雨音の中で

 梅雨のこの時期は曇りの日が多く、しとしと雨かなと思ったら急にザーザーと大雨になったり、天気の急変も多い季節です。植物にとっては恵みの雨であり、雨の中、花壇や街路樹の花がとても綺麗に映って見えることがあります。この時期の紫陽花は特にそうで、雨の中、一際存在感があります。

今回は、今後もずっと印象に残る雨音の中での納骨式のお話です。


1.紫陽花が出迎えてくれる

2.雨音の中で

3.雨のオノマトペ

4.雨のおかげ


1.電車が遅れていた影響で、急いでタクシーに乗り、寺院に到着しました。山門を抜けると青や青紫、そして白い紫陽花が出迎えてくれているかのように境内

に咲いており、あまりの綺麗さにスマホ

で写真を撮りました。よく見るとそれぞれ花の形や付き方に違いがあり、こんなにじっくりと鑑賞したのは4、5年ぶりです。余談ですが、紫陽花の花の色は毎年同じ色ではなく、その土壌の性質や花の老化現象により変わるそうです。


2.今回の司祭承継者の方は栃木県にあったお墓を墓じまいしこの寺院へ遺骨を持参されました。持病の手術を控えており、手術の前に改葬を終わらせておきたいとのことでした。
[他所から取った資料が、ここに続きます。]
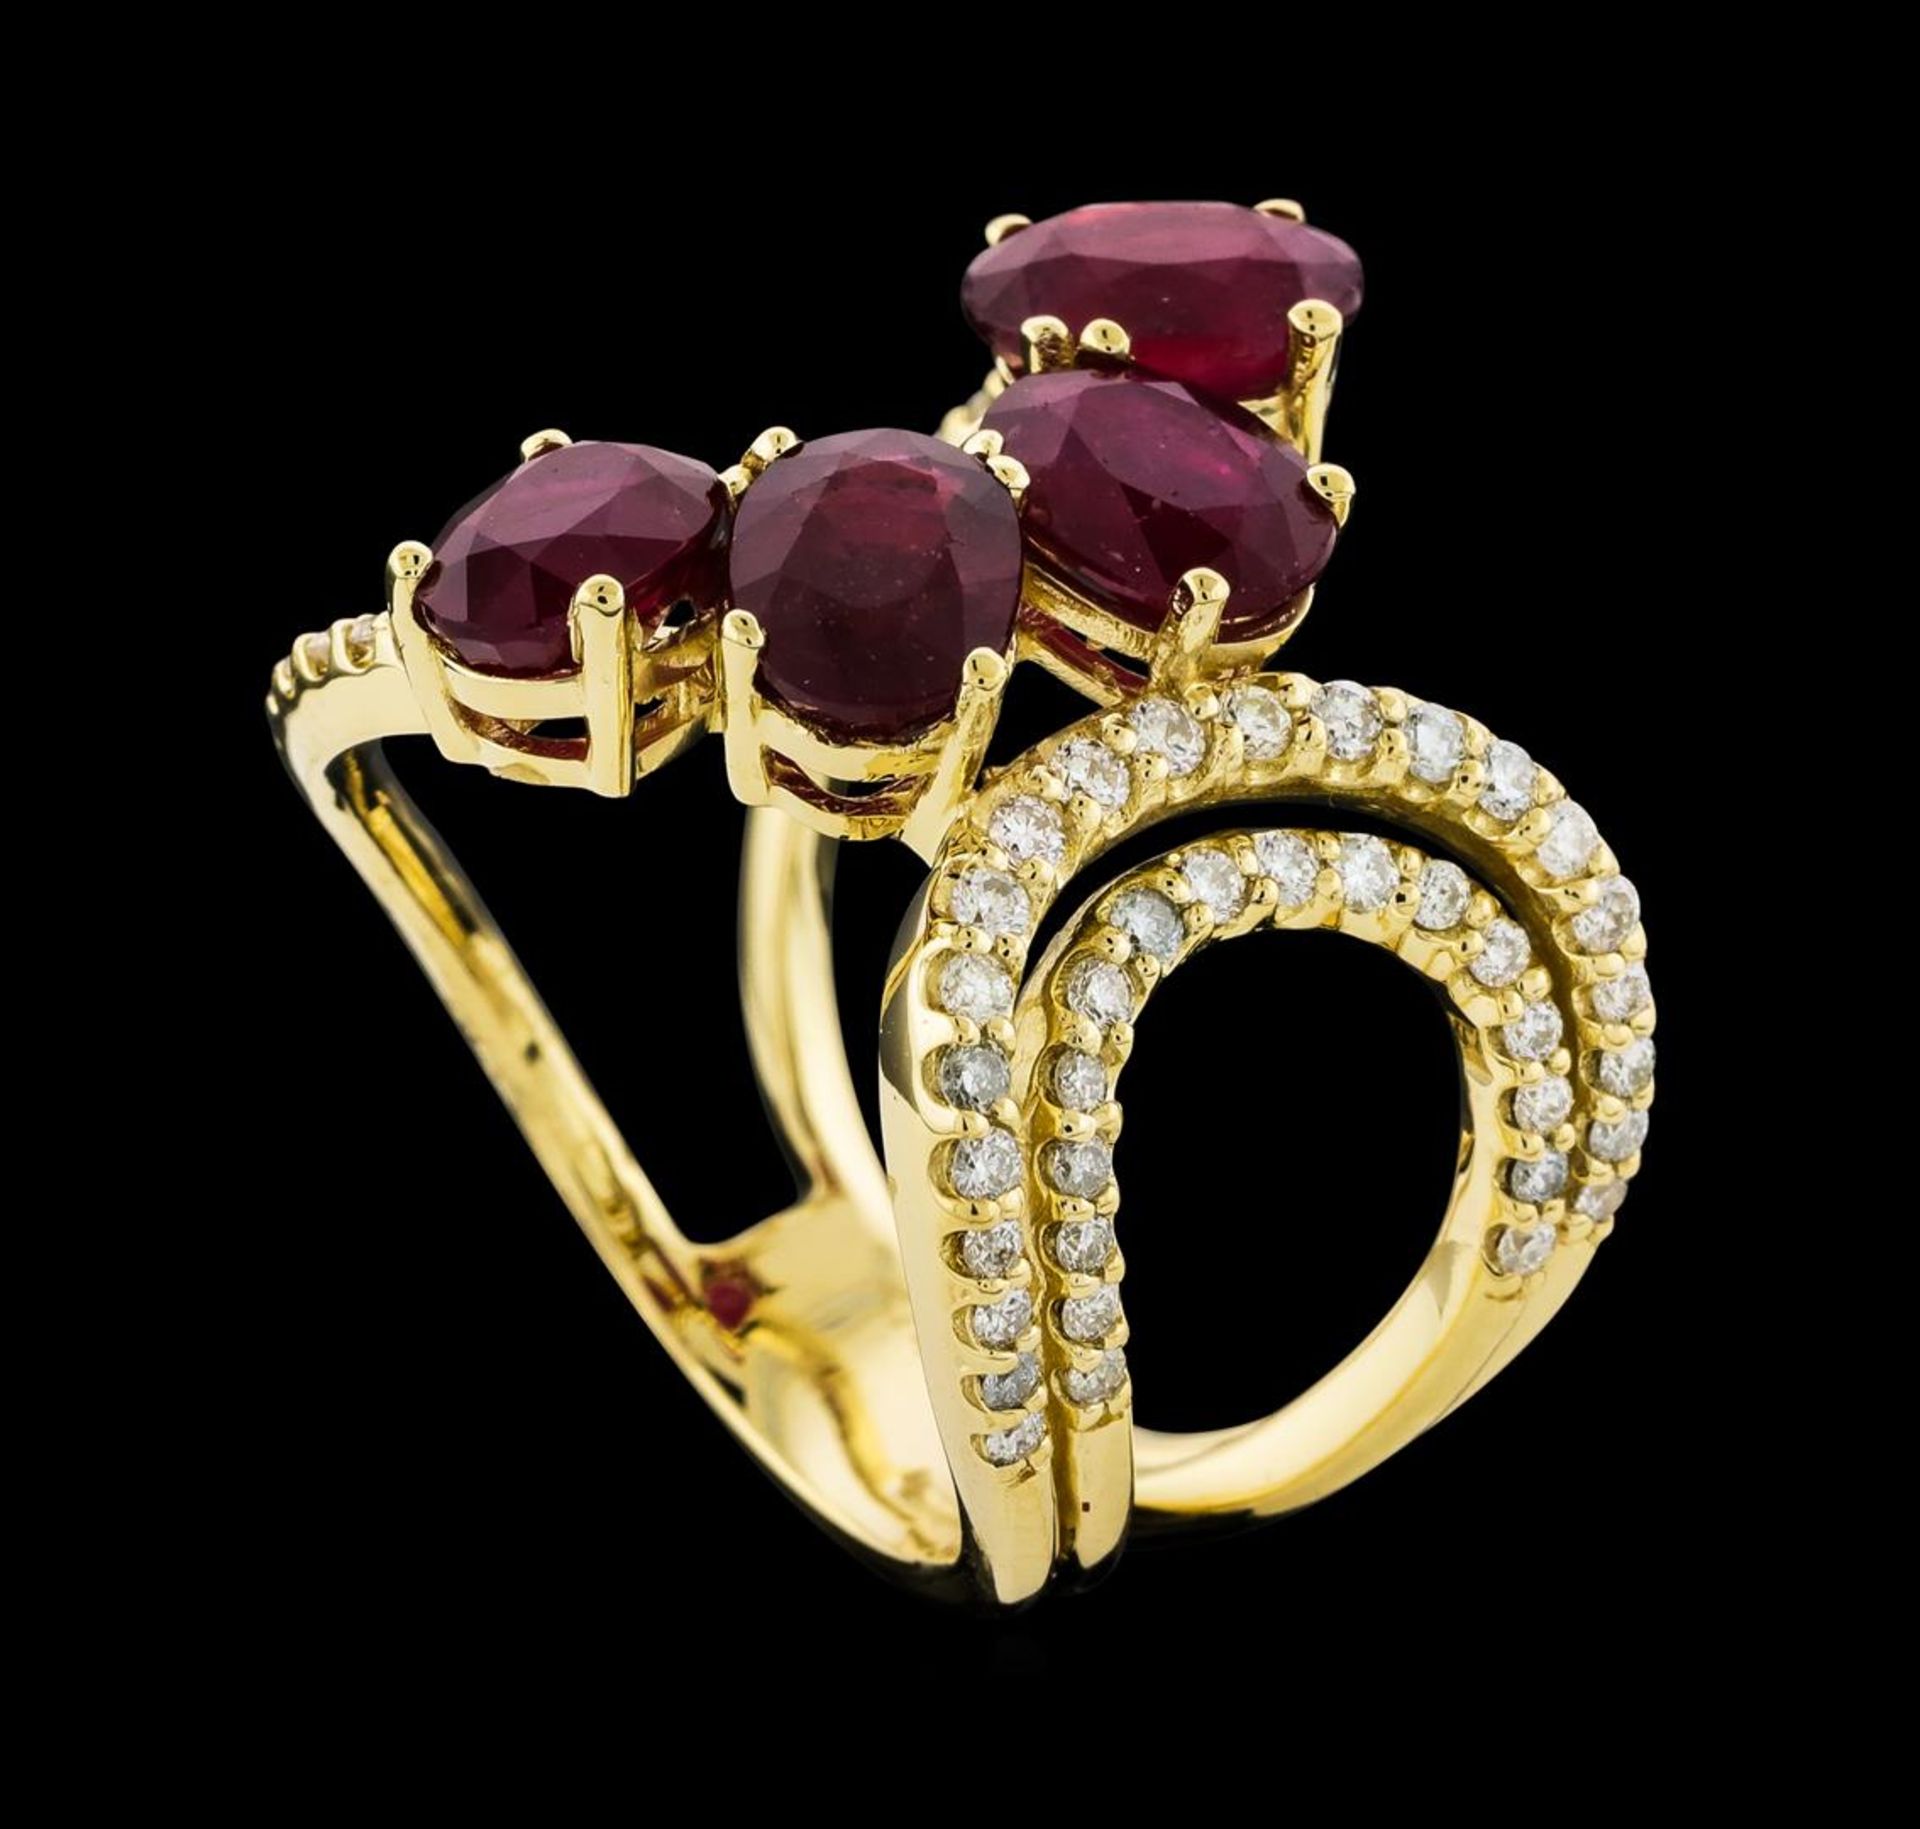 4.73 ctw Ruby and Diamond Ring - 14KT Yellow Gold - Image 4 of 4

本堂で法要が始まると雨がしとしとと降り始め、これからお墓で納骨式という時には、ばらばらと雨が強くなってきました。傘を差しながらお墓へ向かうと、辺りは土の匂いが漂い、砂利道は水が張ったようになっています。ザーという傘の雨音でお経は微かにしか聞こえませんでしたが、この数分間の、傘を差しながら耳に入ってくる雨音は決して邪魔な音には感じず、濡れた体も不思議と不快に感じず、逆に癒やしのような、洗い流して浄化してくれるような雨音に不思議な感覚を覚えました。特に雨が好きという訳ではありませんが、印象に残る納骨式でした。


3.雨を表現するオノマトペ(擬音語)は意外とたくさんあります。日常でよく使われると思いますが、もちろん雨自体の音ではなく何かに当たった時の音を表現していて、古くは平安時代にまで遡ります。(余談ですが、傘は飛鳥時代に百済から伝わったとされています。平安時代には骨組みが竹になり、室町時代には和紙に油を塗った処理がされていたそうです)
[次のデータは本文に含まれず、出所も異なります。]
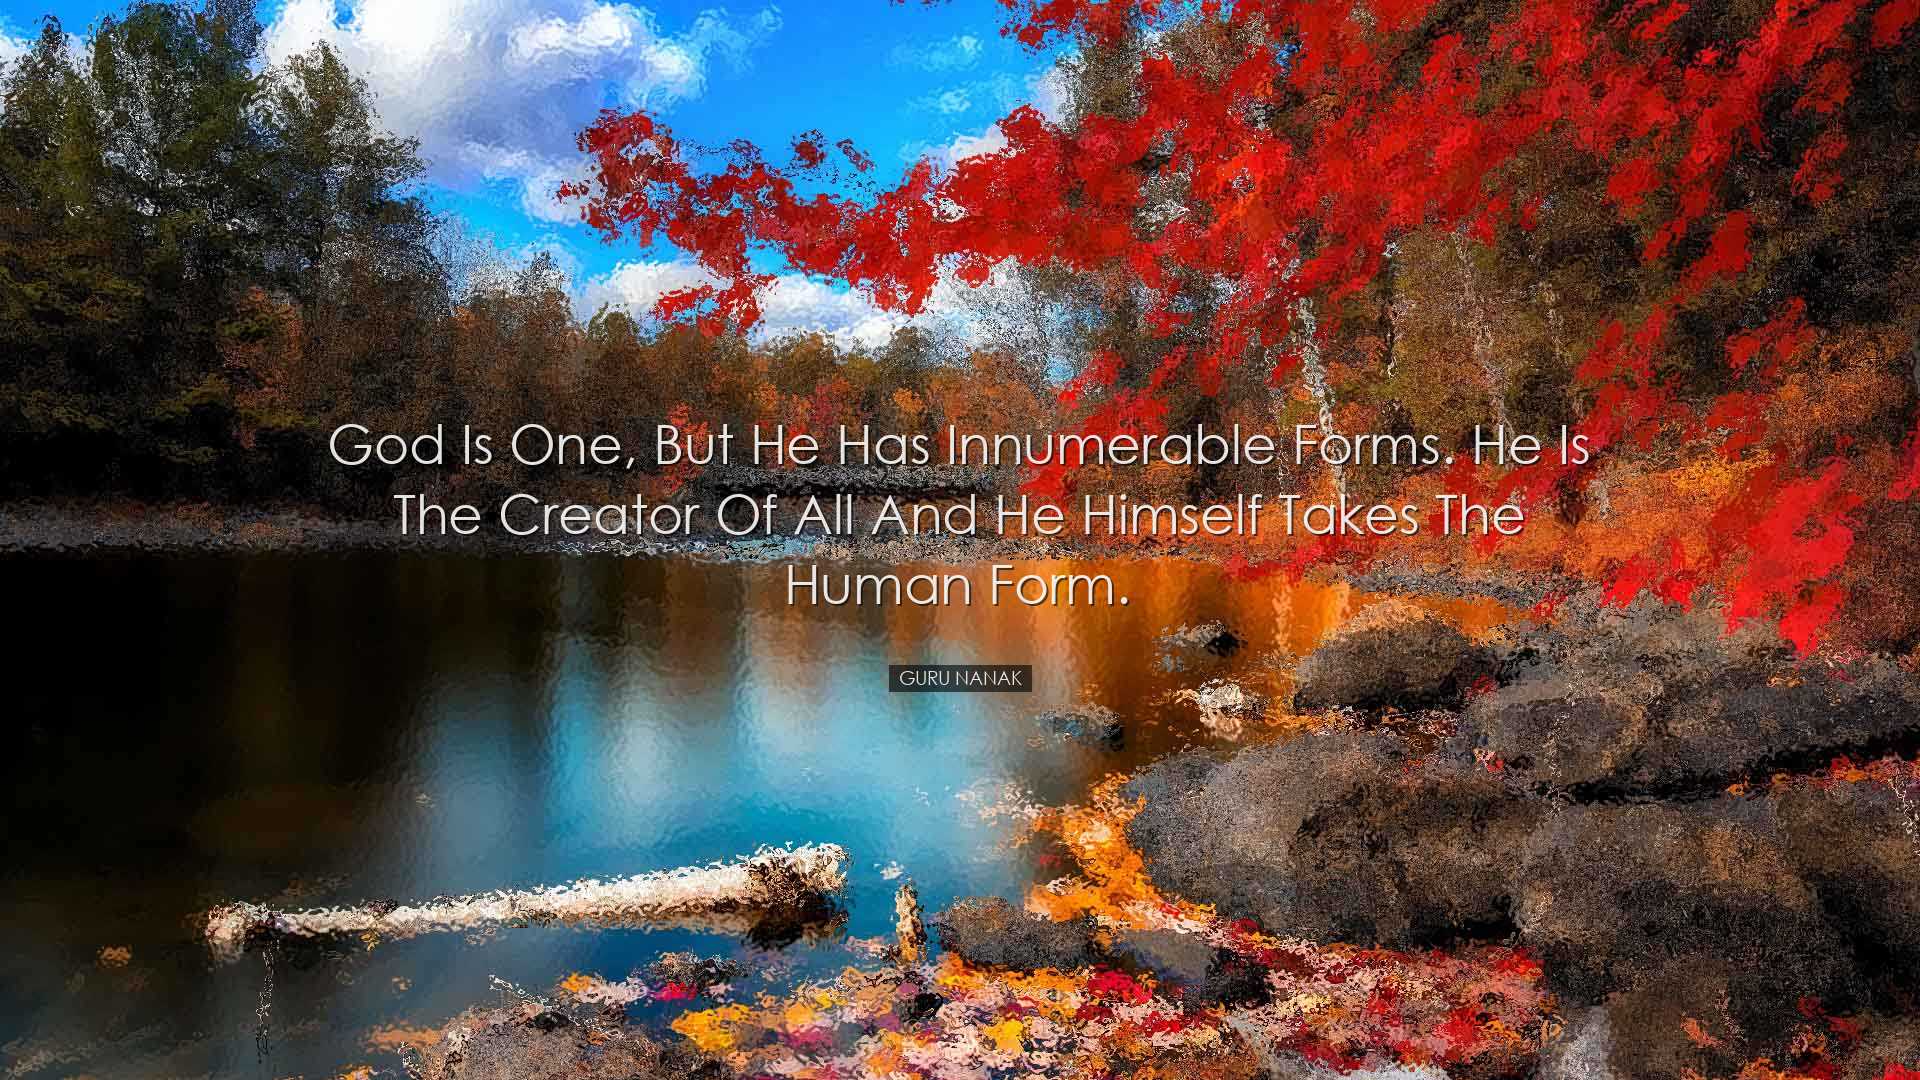 God is one, but he has innumerable forms. He is the creator of all

 日本は世界的に見ても雨のオノマトペ(雨以外の擬音語や擬態語も)が多いそうで、雨の強さによって、ぽつぽつ、しとしと、ぱらぱら、ばらばら、ザーザー、ゴーゴーなど使い分けられていまね。


4.納骨式が終わり、雨が小ぶりになるまで皆さんとお寺で雨宿りさせて頂きました。住職さんがタオルを貸してくださり、皆さん濡れた体を拭きながらあれこれと世間話ができ有意義な時間を過ごさせて頂きました。帰りはその方の車で駅まで送って頂き、これも雨のお陰なんだと感謝しました。色々とお心使い頂き、ありがとうございました。